This data set provides estimates of productivity growth in the U.S. farm sector for the 1948-2011 period, and estimates of the growth and relative levels of productivity across the States for the period 1960-2004.

Note that the national data series has been revised (see Findings, Documentation, and Methods for details), and updates of the State-level statistics are suspended in light of reduced ERS resources and the discontinuance of key source data series. The quality of the national statistics is preserved.

It is widely agreed that increased productivity is the main contributor to economic growth in U.S. agriculture. The level of U.S. farm output more than doubled between 1948 and 2011, growing at an average annual rate of 1.49 percent. Aggregate input use increased at a modest 0.07 percent annually in the same period, so the positive growth in farm sector output was very substantially due to productivity growth. But what exactly is productivity?

Single-factor measures of productivity, such as corn production per acre (yield or land productivity) or per hour of labor (labor productivity), have been used for many years because the underlying data are often easily available. While useful, such measures can also mislead. For example, yields could increase simply because farmers are adding more of other inputs, such as chemicals, labor, or machinery, to their land base. USDA produces measures of total factor productivity (TFP), taking account of the use of all inputs to the production process.

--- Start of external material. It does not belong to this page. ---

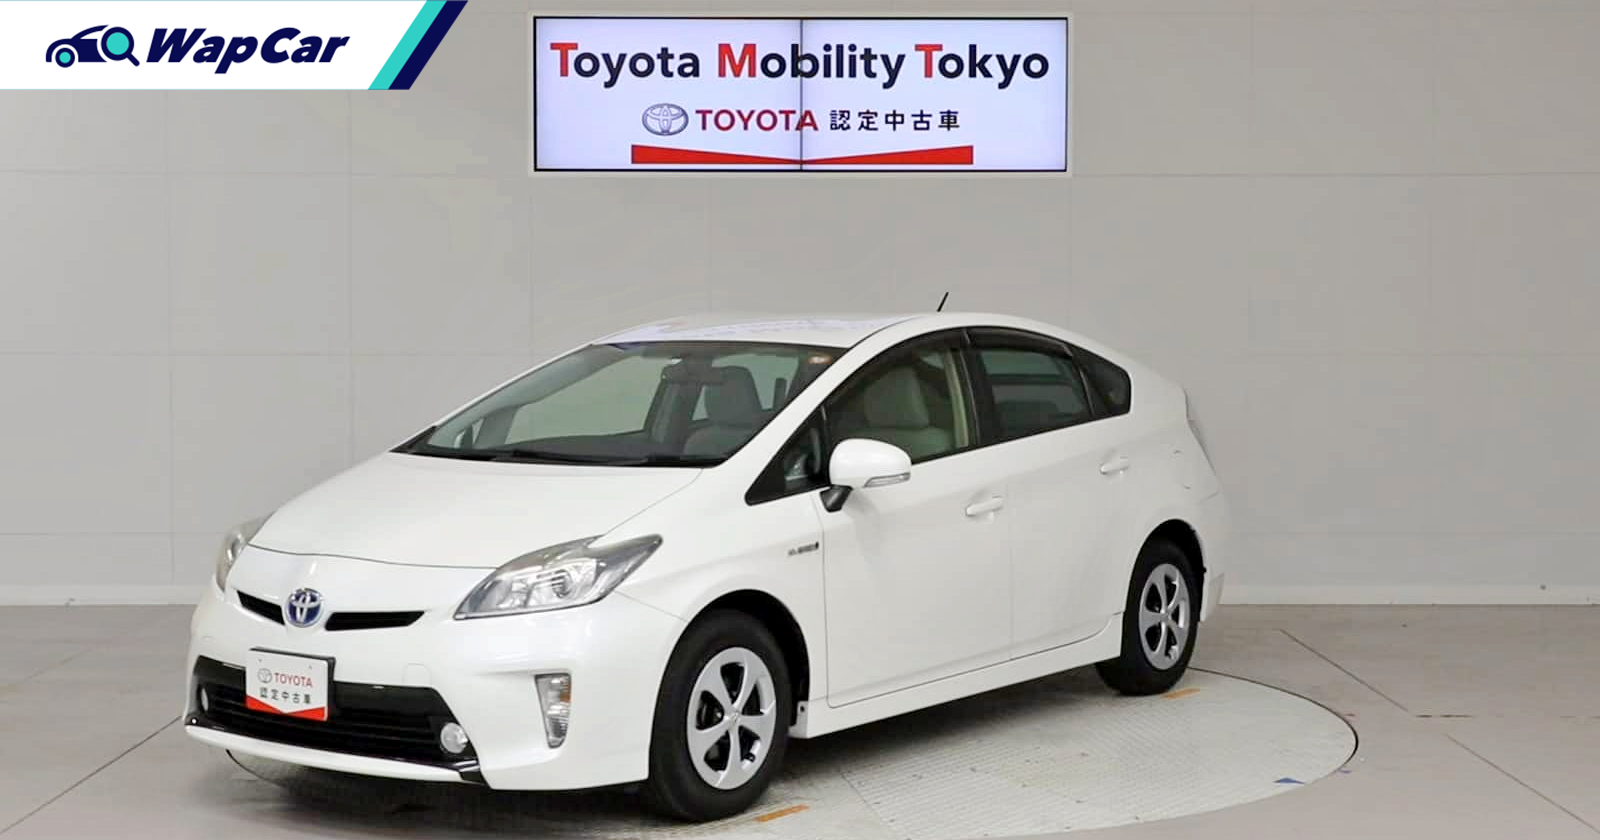 Petrol prices in Japan soared to RM 5.40 per litre, resale value of Toyota Prius rising in tandem

Specifically, annual productivity growth is the difference between growth of agricultural output and the growth of all inputs taken together (methods for combining inputs are described in Findings, Documentation, and Methods). Productivity therefore measures changes in the efficiency with which inputs are transformed into outputs. USDA also produces State-level productivity measures-annual productivity growth rates as well as cross-State differences in levels of productivity, or differences in output per unit of combined inputs. Input measures are adjusted for changes in their quality, such as improvements in the efficacy of chemicals and seeds, changes in the demographics of the farm workforce, or innovations in machinery design. As a result, agricultural productivity is driven by innovations in onfarm tasks, changes in the organization and structure of the farm sector, research aimed at improvements in farm production, and/or random events like weather.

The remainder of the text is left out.